Thursday 22 August 2019. [On the front page today’s edition the historic picture of Hope working on the small railway line between Walvis Bay and Plum.

The day 22 August is regarded as the birth of Namibia’s railways. On this day in 1899 a small locomotive arrived here from Stoke-on-Trent in England, aboard the British barque, Primera. It was still the years of the lighters. Ships would anchor in the bay and these small cargo boats (lighters) moved people and cargo to and fro between land and ship.
The Primera was a majestic with three, tall masts.
During the same time the Cape Government extended the tramway between the settlement of Walvis Bay and Plum (where Dany Construction’s quarry is today) as a short railway.
The small locomotive was named “Hope” and put into service on this line.
Initial intentions were for this railway line to carry trade goods that arrived by ship at Walvis Bay to Plum for further transport into the interior. The German South West African Government at the were also advancing with the railway line between Windhoek and Swakopmund (construction started in 1897) and the idea was to cash in on this opportunity by carting cargo from Plum to Swakopmund.
However, the short railway line never became profitable.
When the German South West African Government commenced construction of the Otavi-Tsumeb line early in the 1900’s, following the discovery of vast copper deposits at Tsumeb, the short railway line was soon obsolete and left over to the sweeping desert winds and sand.
Hope continued to serve on the short railway line, or at least what was left of it after huge swaths were covered by sand. It mainly transported waste out of the settlement, shifted cargo around in the port and locals used it for weekend outings into the desert.
Hope was retired when the Cape gauge railway line be-tween Walvis Bay and Swakopmund opened in 1915. This line was constructed by the invading Union of South Afri-can Forces during the SWA Campaign. Troops landed in Walvis Bay on Christmas Day 1914 and as they advanced on Swakopmund constructed a railway line to assist carry-ing war cargo forward. This line opened in March 1915 and served as a feeder line for military equipment and troops as the South West Africa Campaign moved inland and the eventual defeat of the German forces at Khorab at Otavi on 1 July 1915 (the Germans surrendered on 9 July with the signing of the Treaty of Khorab.
Hope stood dormant on a side track in the port for many years and was eventually renovated by the South African Railways (SAR) and plinthed in front of the Windhoek railway station in the 1940’s.
The locomotive was returned to the Walvis Bay railway station and plinthed there in 1961. Very soon the coastal weather extremes again started to eat away at its structural integrity. It was eventually accommodated in a small building with big glass windows – as seen today in front of the railway station.
When you drive past the railway station, take some time and take a peep through the large windows [it is advisable to take a cloth along as the windows are dirty] and see what Hope looks like and remember this is the flag bearer of Namibia’s railway history.
Perhaps one day if TransNamib comes to its full potential Hope will be restored to glory.
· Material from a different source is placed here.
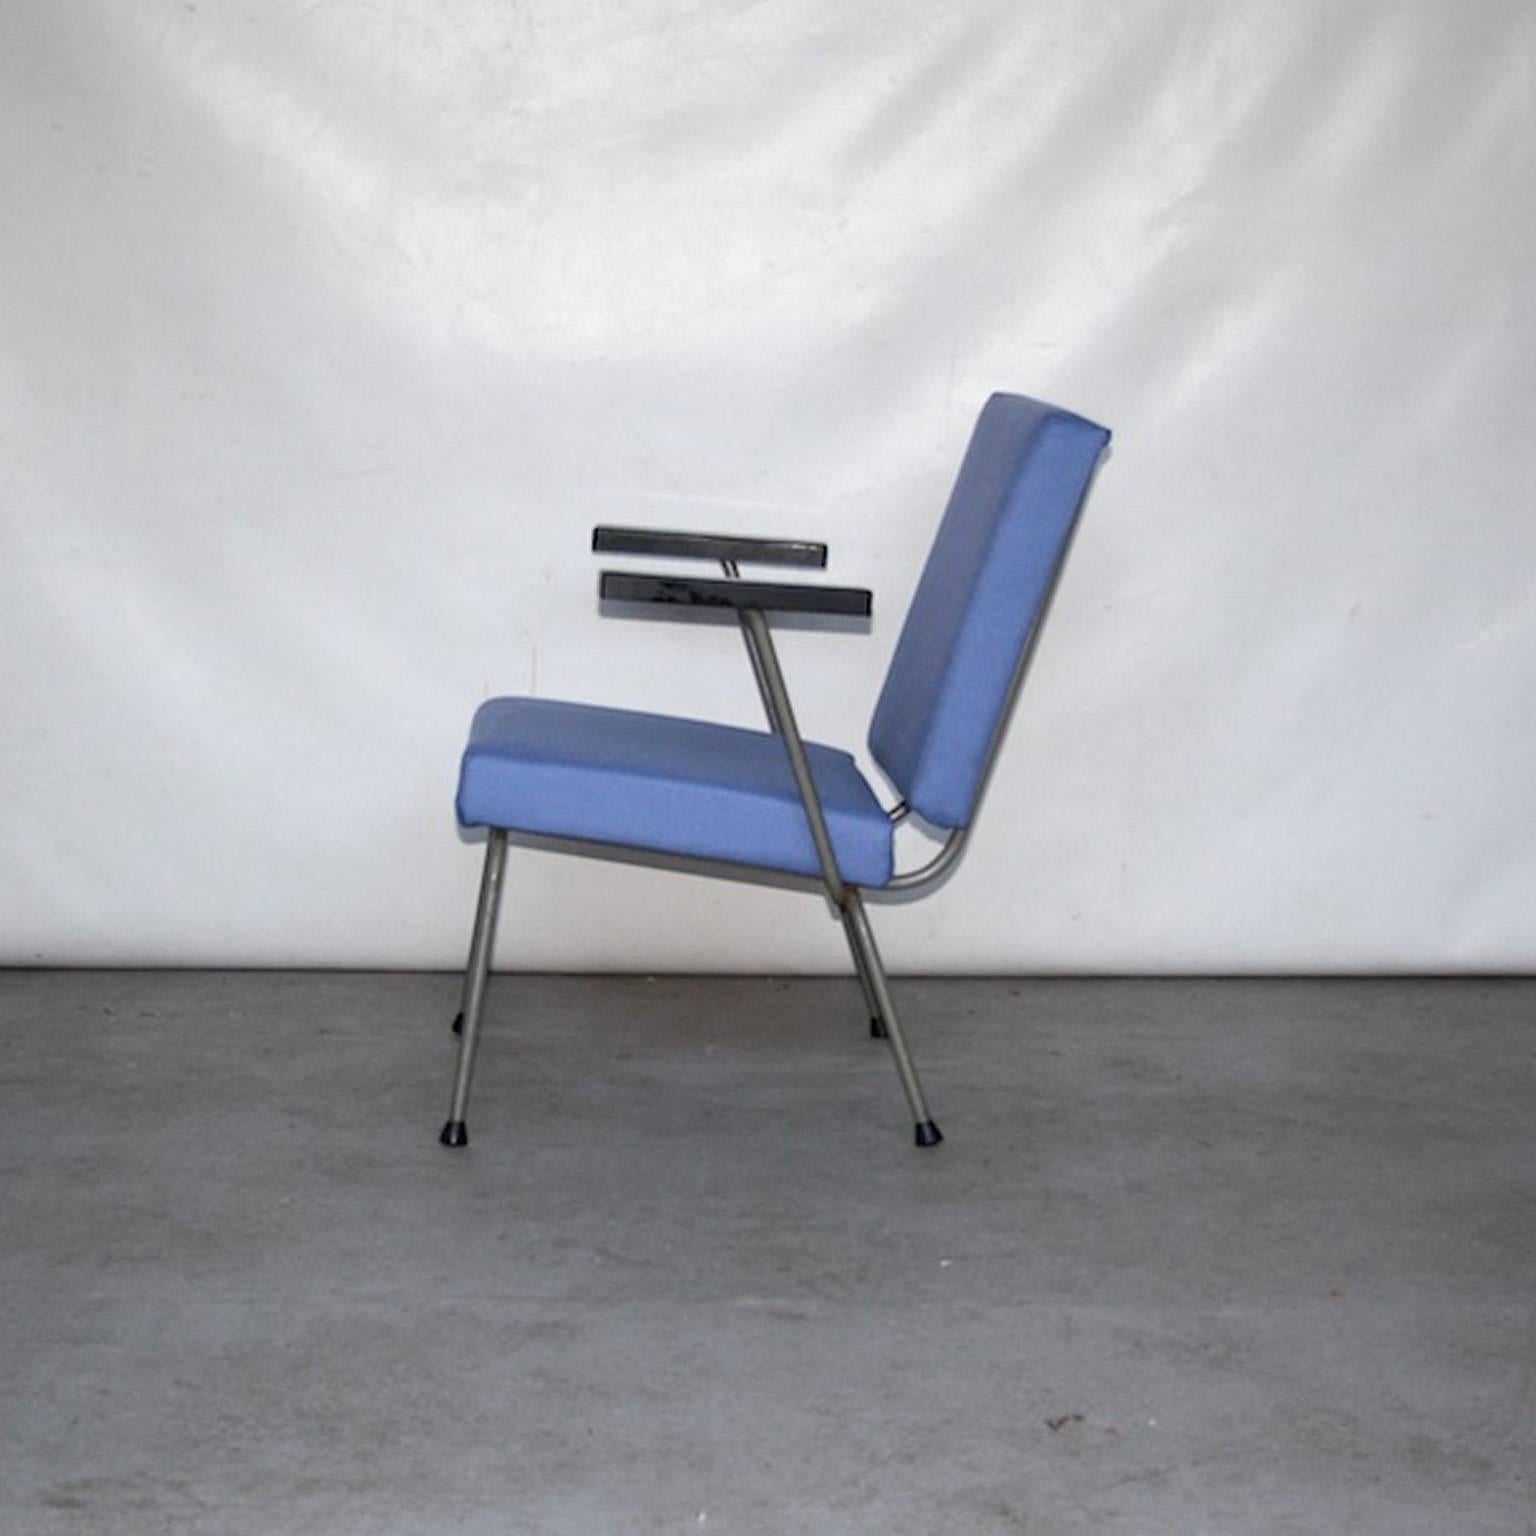 Early example of the stylish lounge chair by Wim Rietveld and A.R. Cordemeyer. With its characteristic minimal metal frame and steel plated construction still a beautiful piece of design nowadays.

Chair is in good vintage condition with new

And we have full confidence in the current CEO Mr. Johny Smith that he would wake the national rail carrier from its decades long hibernation. Until then, Hope’s final resting place will remain that small building with the dust-smeared windows with only a plague of the National Monument’s Council that explains with a few sentences in Afrikaans, English and German what this little locomotive once stood for.